An enzyme-linked immunosorbent assay (ELISA) was used to detect SARS-CoV-2 specific IgG and IgM antibodies in plasma samples from patients (positive by PCR test with nasopharyngeal samples) and from donors with or without symptoms, who were tested positive or negative by PCR. Qualitative serology ELISA kits from Creative Diagnostics (Shirley, NY, USA) were used to measure anti-SARS-CoV-2 IgG (product # DEIASL019) and IgM (product # DEIASL020) levels in plasma samples. Briefly, 100 μL of negative and positive control were added to the positive and negative control wells without dilution. Ten microliters (10 μL) of plasma samples were added to the wells containing 100 µL of dilution buffer, mixed thoroughly, sealed with cover film, and incubated at 37 °C for 30 min. The plate was washed five times using 300 µL of 1 × diluted wash buffer.
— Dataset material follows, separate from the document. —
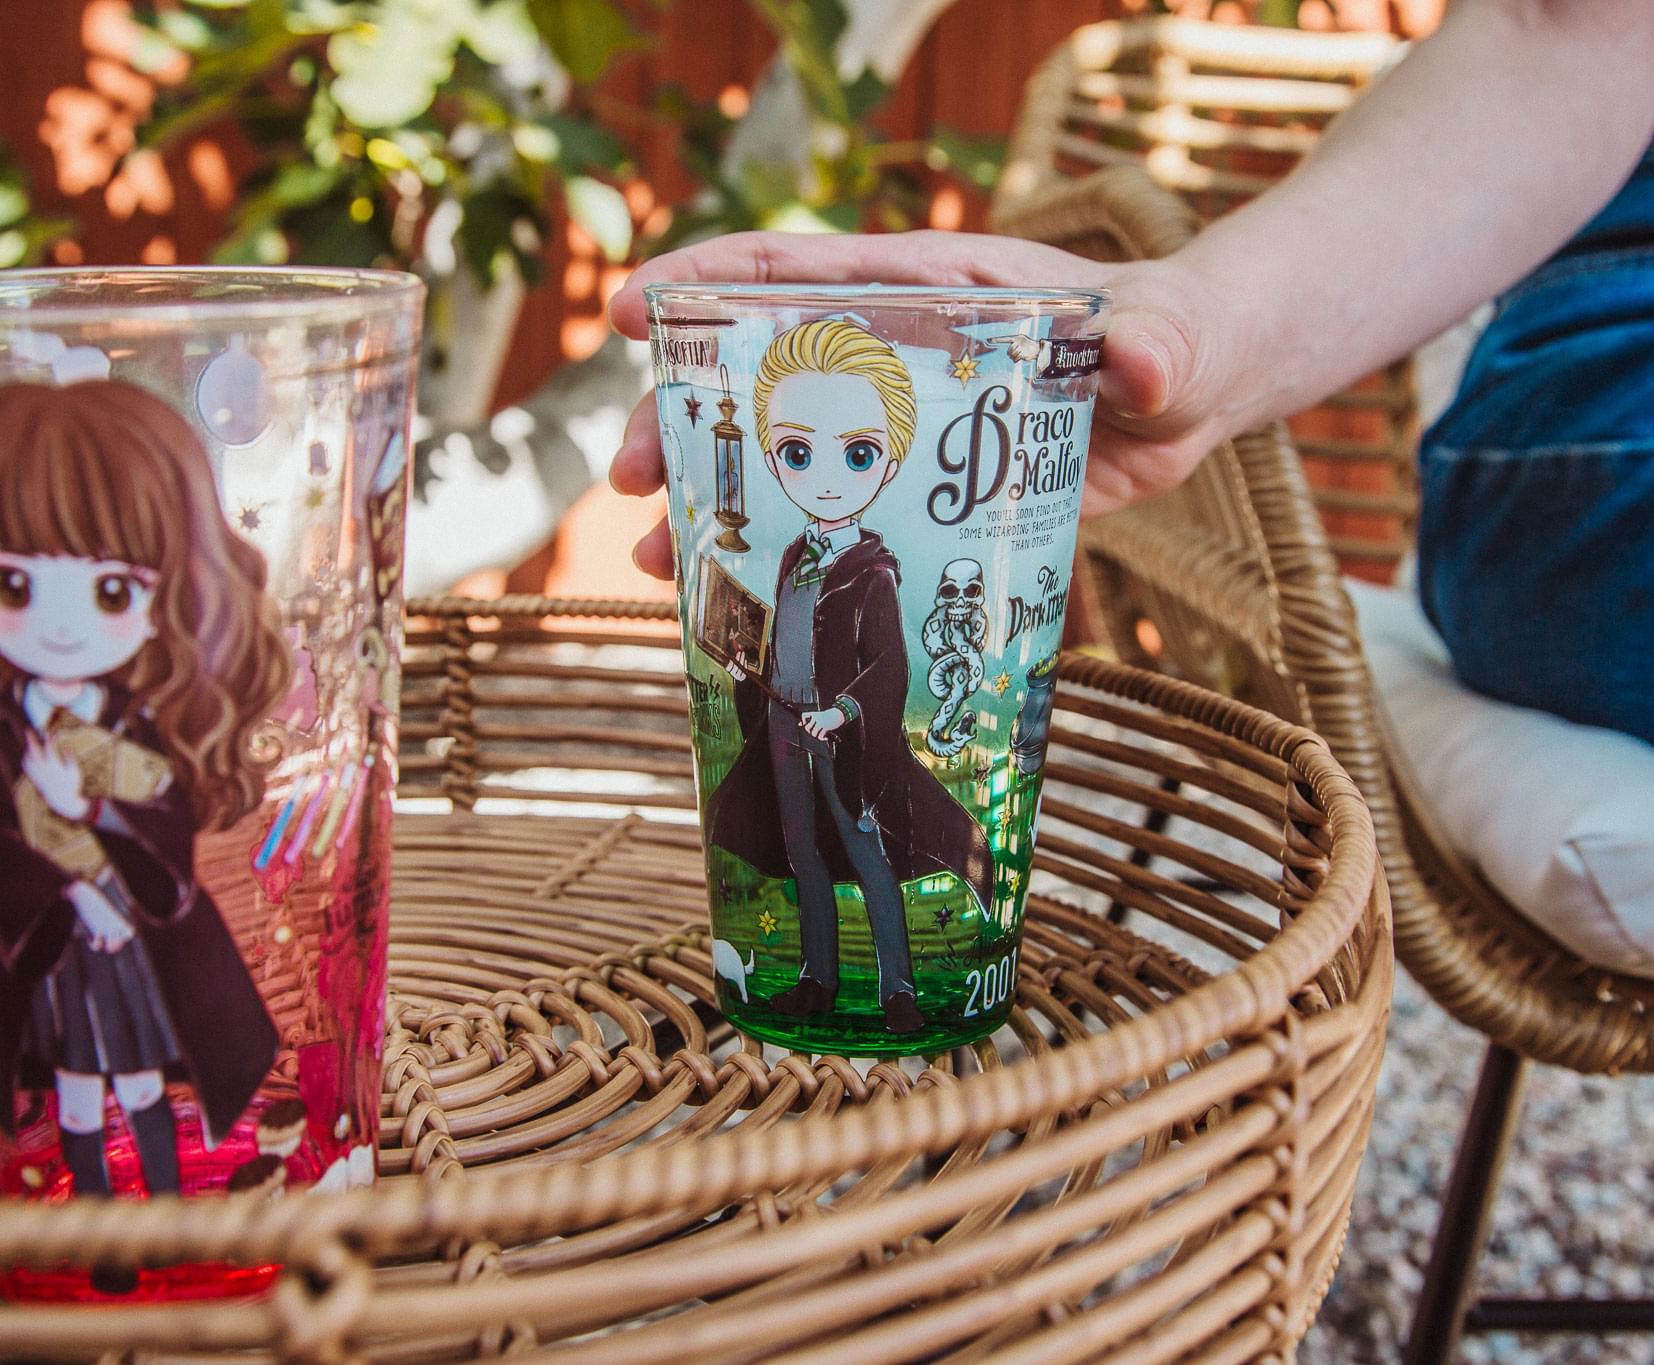 Harry Potter Magical Characters 16-Ounce Pint Glasses | Set of 4

After completing all the assay steps according to the product instructions, the absorbance of the assay solutions at 450 nm was measured using a plate reader (Synergy H1 Hybrid Reader, BioTek, USA). An OD value of ≥ 0.50 for the positive control and ≤ 0.10 for the negative control sample were obtained, confirming the validity of the assay, per product instruction. The following cutoff values, as provided in the product manual, were used for results interpretation: < 0.3, negative; ≥ 0.3 to < 0.5, intermediate; ≥ 0.50, positive.

Statistical analysis

Statistical differences of test results between different cohorts were analyzed using student t test, two-sample assuming unequal variances. P values < 0.05 were considered as significant difference. The numbers of asterisks indicate significance levels of P values, for example, the symbols of *, **, ***, and **** represent P values of ≤ 0.05, ≤ 0.01, ≤ 0.001, and ≤ 0.0001, respectively. If there is no significant difference (P > 0.05) between the groups, the results are presented as “ns”, namely, not significant.

Spearman’s rank-order correlation was used to analyze the correlation between the D2Dx immunity test scores of COVID-19 patients in the severe symptom cohort and the days from symptom onset to blood draw. The strength of the correlation was interpreted according to the scale suggest by Akoglu47: correlation coefficient 1—perfect; 0.7–0.9—strong positive correlation; 0.4–0.6—moderate positive correlation; 0.1–0.3—weak positive correlation; and 0—zero correlation. Both student t test and Spearman’s rank-order correlation was conducted using the data analysis function in Microsoft Office 2010 Excel software.